EXERCISE INSTRUCTIONS: The whole listing should come back exactly as written, except for the pictures.

DATA EXTRACT:
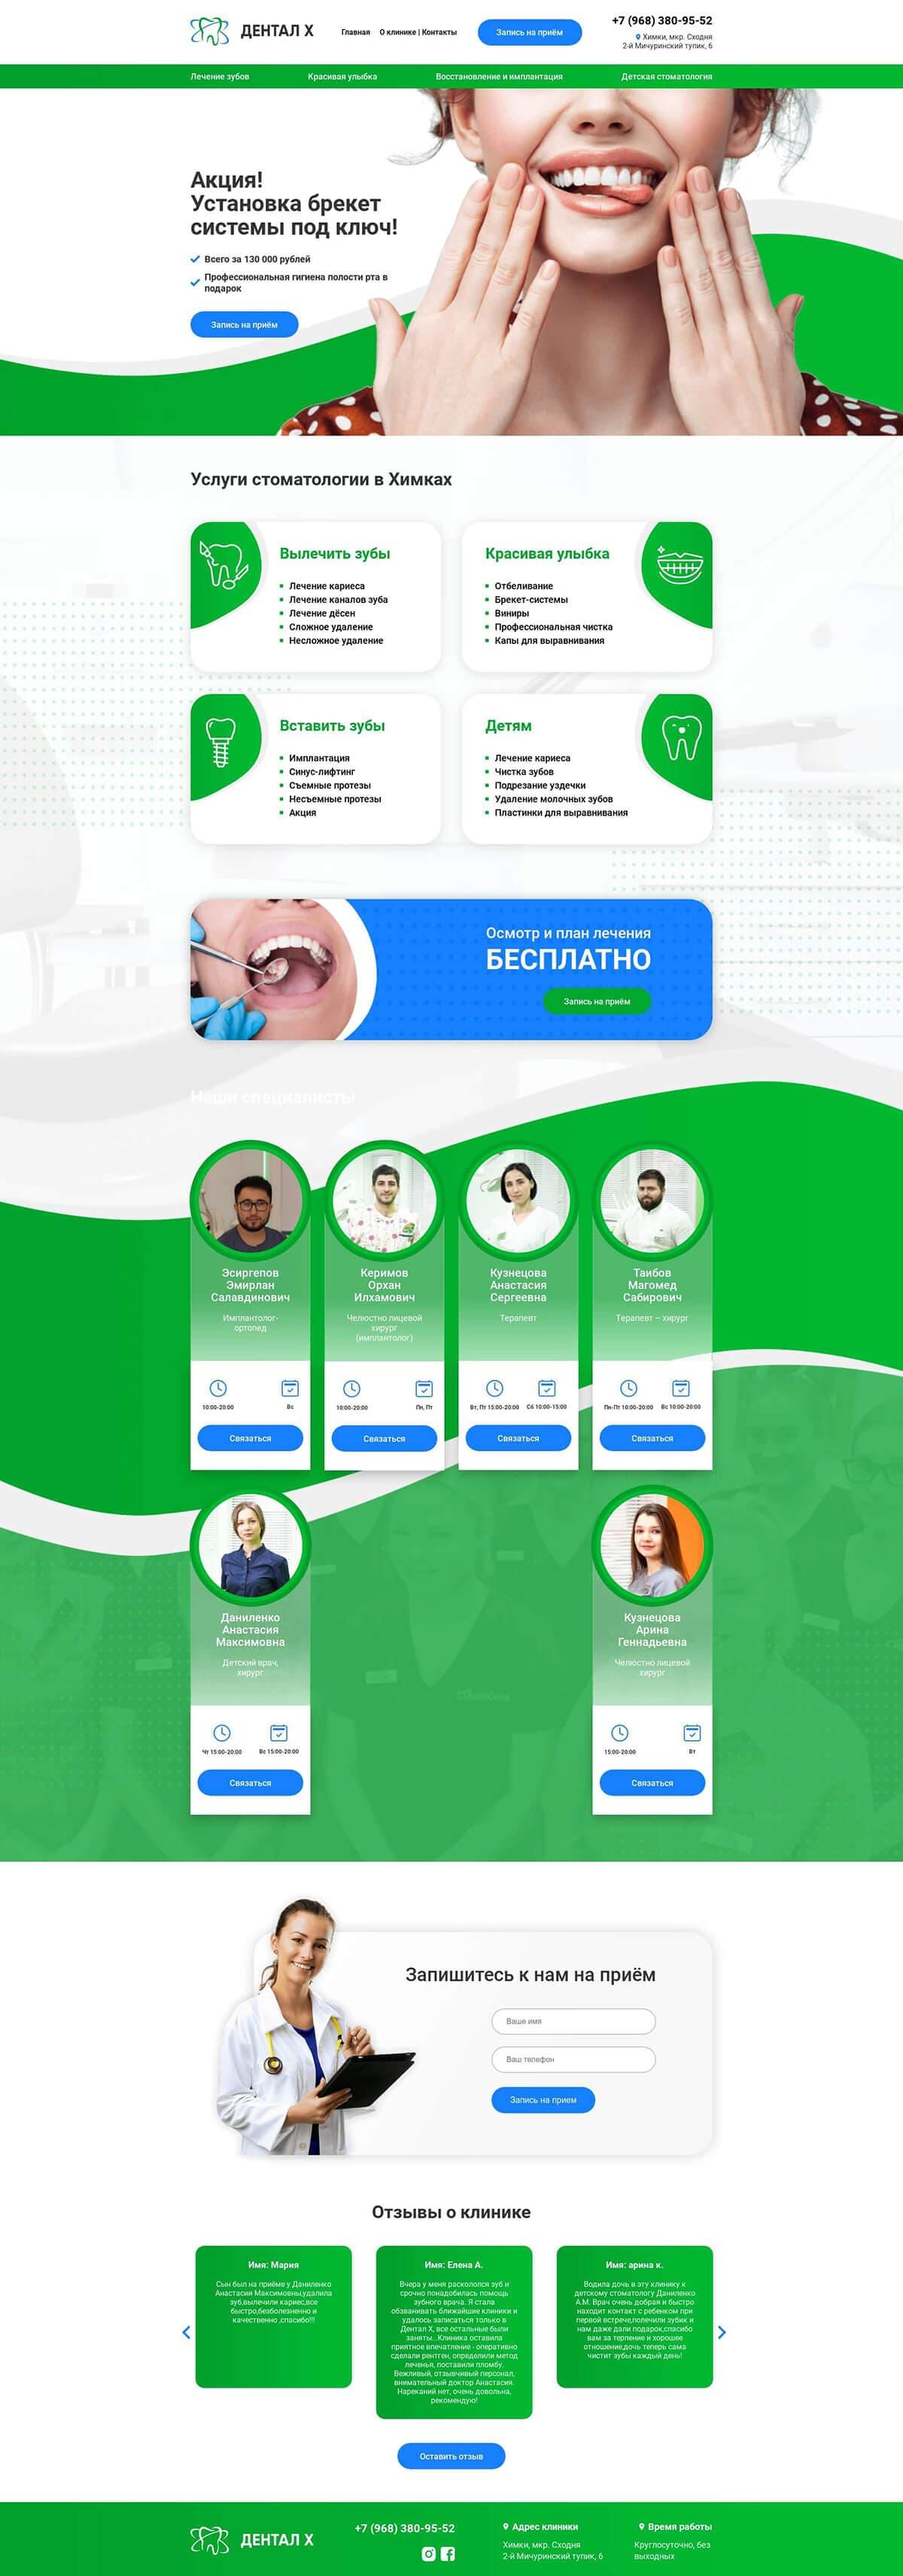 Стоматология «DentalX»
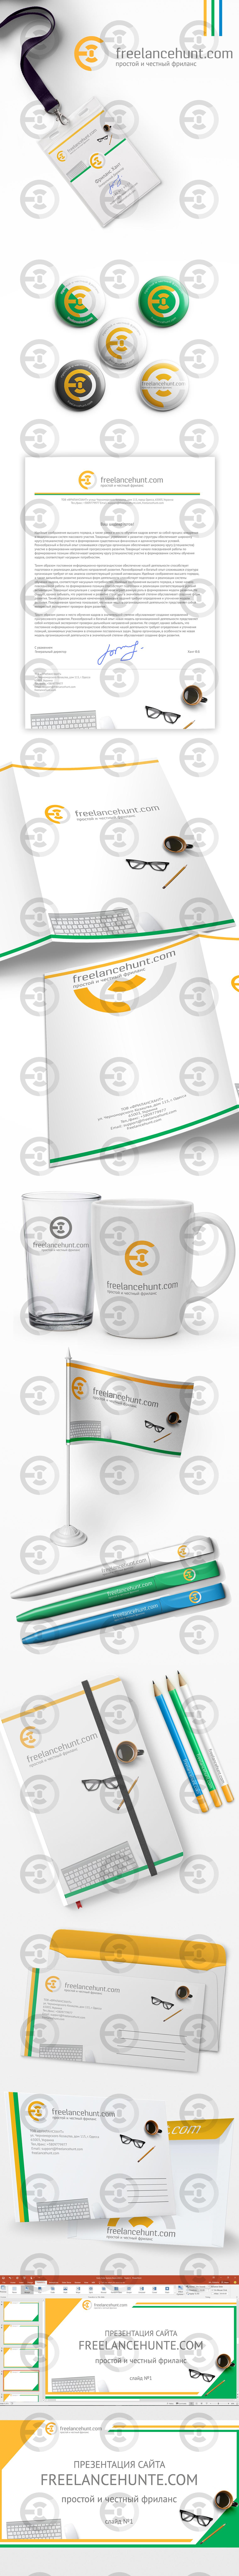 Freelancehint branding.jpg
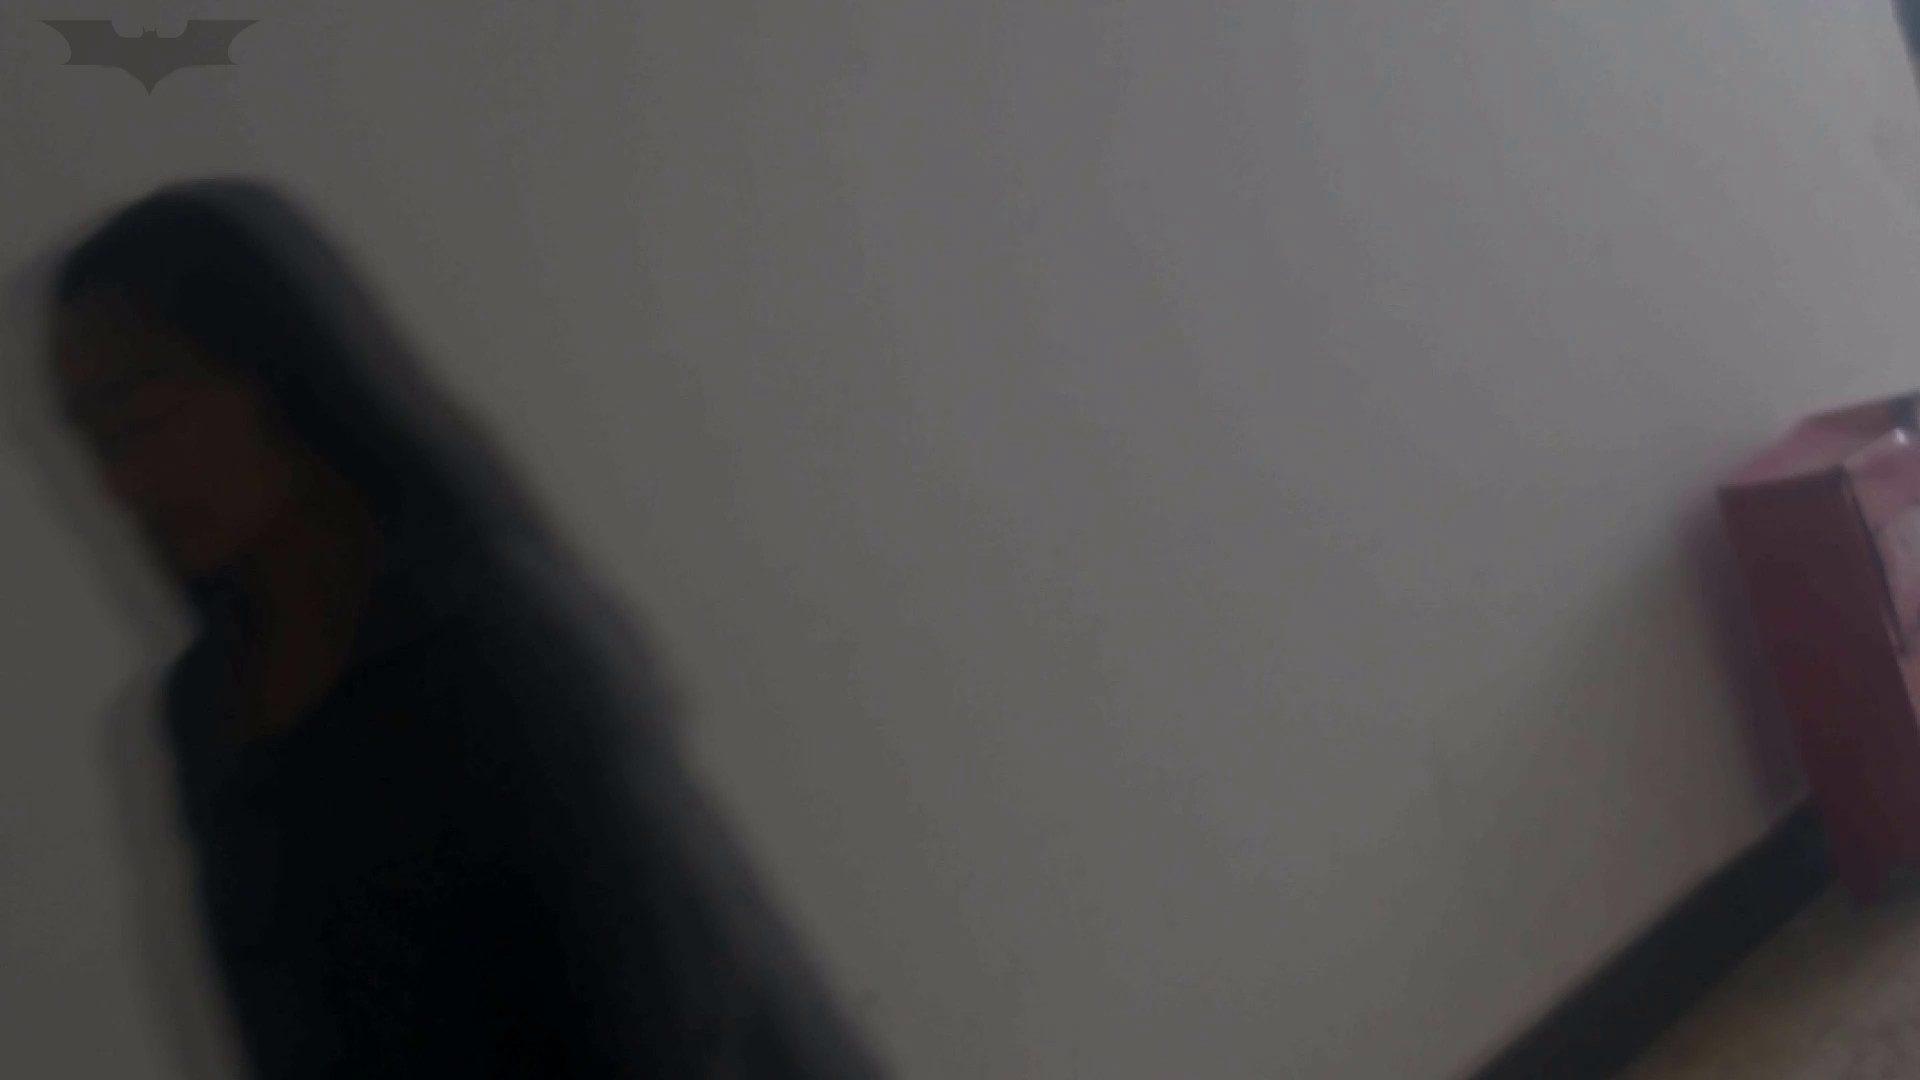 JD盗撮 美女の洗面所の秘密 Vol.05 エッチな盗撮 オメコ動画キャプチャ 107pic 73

EXERCISE RESULT:
 Стоматология «DentalX»
 Freelancehint branding.jpg
 JD盗撮 美女の洗面所の秘密 Vol.05 エッチな盗撮 オメコ動画キャプチャ 107pic 73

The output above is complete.